PARP-1 as a Transcriptional
Coregulator
In addition to its role as a modulator of chromatin
structure to
control gene expression, PARP-1 has also been shown to act as classical
transcription factor-dependent coregulatory protein. As a coregulator,
PARP-1 functions with the basal transcription machinery, other coregulators
with enzymatic activities (e.g., histone-modifying enzymes and nucleosome
remodelers), and sequence-specific DNA-binding transcription factors,
such as NF-κB, HES1, Elk1, Sox2, and nuclear hormone receptors.[11a,66] In this regard, two types of coregulatory functions have been ascribed
to PARP-1: (1) scaffold and (2) exchange factor.With respect
to the former (i.e., scaffold), PARP-1 may act as scaffold by interacting
with and promoting the recruitment of other coregulators independent
of its DNA binding and catalytic activities. In this regard, PARP-1
has been shown to interact with the protein arginine methyltransferase
PRMT1 and the protein acetyltransferase p300/CBP to support NF-κB-dependent
gene expression.[64a,82] With respect to the latter (i.e.,
exchange factor), PARP-1 has been shown to promote the release of
inhibitory factors and the recruitment of stimulatory factors to DNA-bound
transcription factors. PARP-1-dependent exchange of opposing pairs
of factors has been observed for: (1) inactive Cdk8-positive Mediator,
which is exchanged for an active Cdk8-negative Mediator during retinoic
acid-regulated activation,[83] (2) a TLE1-containing
corepressor complex, which is exchanged for a HAT-containing coactivator
complex during signal-dependent gene regulation in neuronal cells,[84] and (3) a corepressor complex containing NCoR
and HDAC3, which is exchanged for an activation complex containing
topoisomerase IIβ (TopoIIβ) at steroid hormone-regulated
promoters.[85] The detailed mechanisms of
how PARP-1 is recruited to specific transcription factors or specific
genes to act as a transcriptional coregulator, however, are not well
understood, but are likely to involve recruitment to specific sites
in the genome by sequence-specific DNA binding transcription factors.[7b,66b]These examples illustrate a common theme of coregulation by
PARP-1,
the modulation of protein complex formation, which may occur as a
result of PARP-1 scaffolding functions or PARP-1 enzymatic activity.

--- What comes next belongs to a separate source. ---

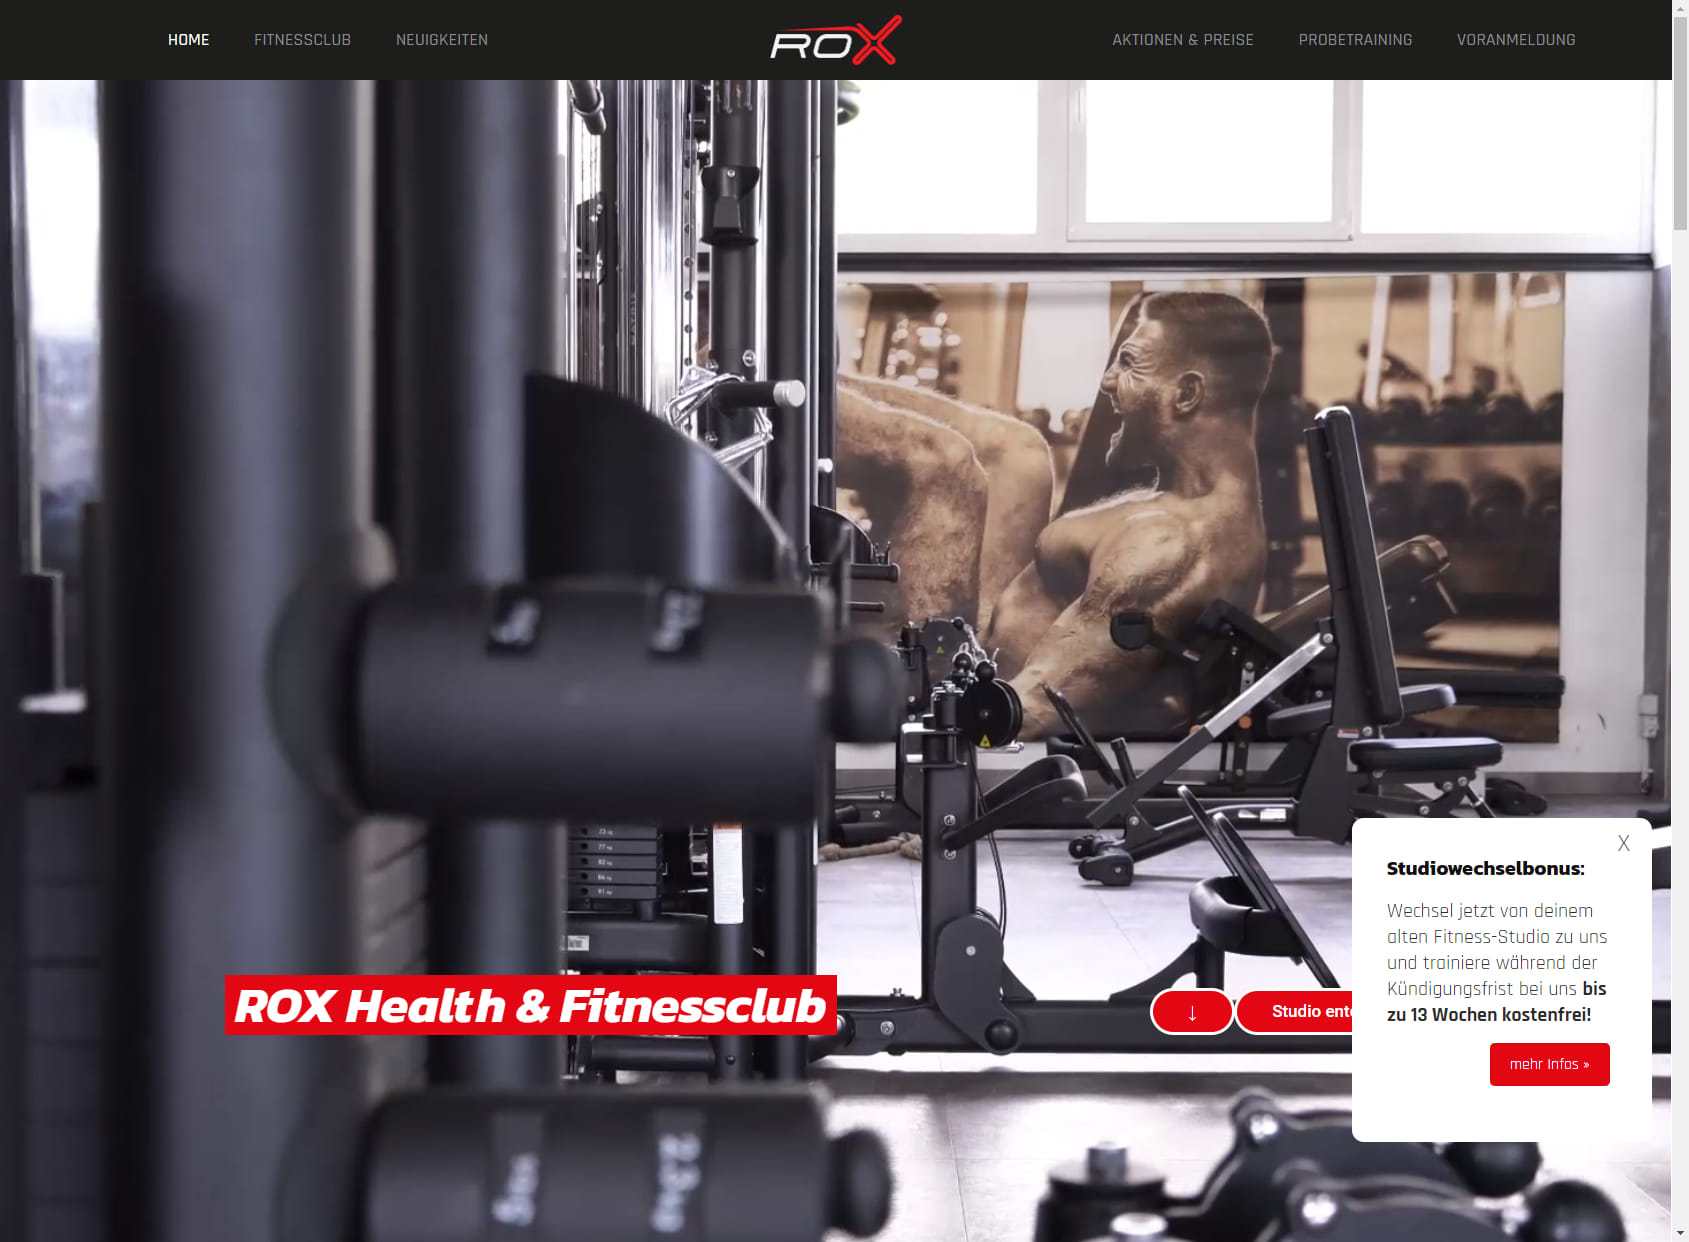 ROX Health & Fitnessclub

PARP-1 as a Modulator of DNA Methylation
An emerging literature over the past decade or so has shown that
PARP-1 can alter the methylation of genomic DNA.[86] PARP-1 may mediate these effects by regulating the expression
or activity of the DNA methyltransferase Dnmt1.[86b,87] In this regard, PARP-1 may directly interact with Dnmt1 through
newly synthesized PAR polymers to inhibit Dnmt1 DNA methyltransferase
activity.[88] PARP-1 has been shown to interact
functionally with the methylcytosine dioxygenase Tet2, an enzyme that
catalyzes the conversion of 5-methylcytosine (5mC) to 5-hydroxymethylcytosine
(hmC).[89] These interactions may play a
key role during somatic cell reprogramming, acting to promote an epigenetic
program that directs transcriptional induction at pluripotency loci;
PARP-1 regulates the 5mC modification, while Tet2 promotes the early
generation of 5hmC by the oxidation of 5mC.[89] However, it is currently unknown if PARP-1 directly regulates Tet2
enzymatic activity. As these examples show, modulation of DNA methylation
by PARP-1 can impact the genome and affect gene expression outcomes.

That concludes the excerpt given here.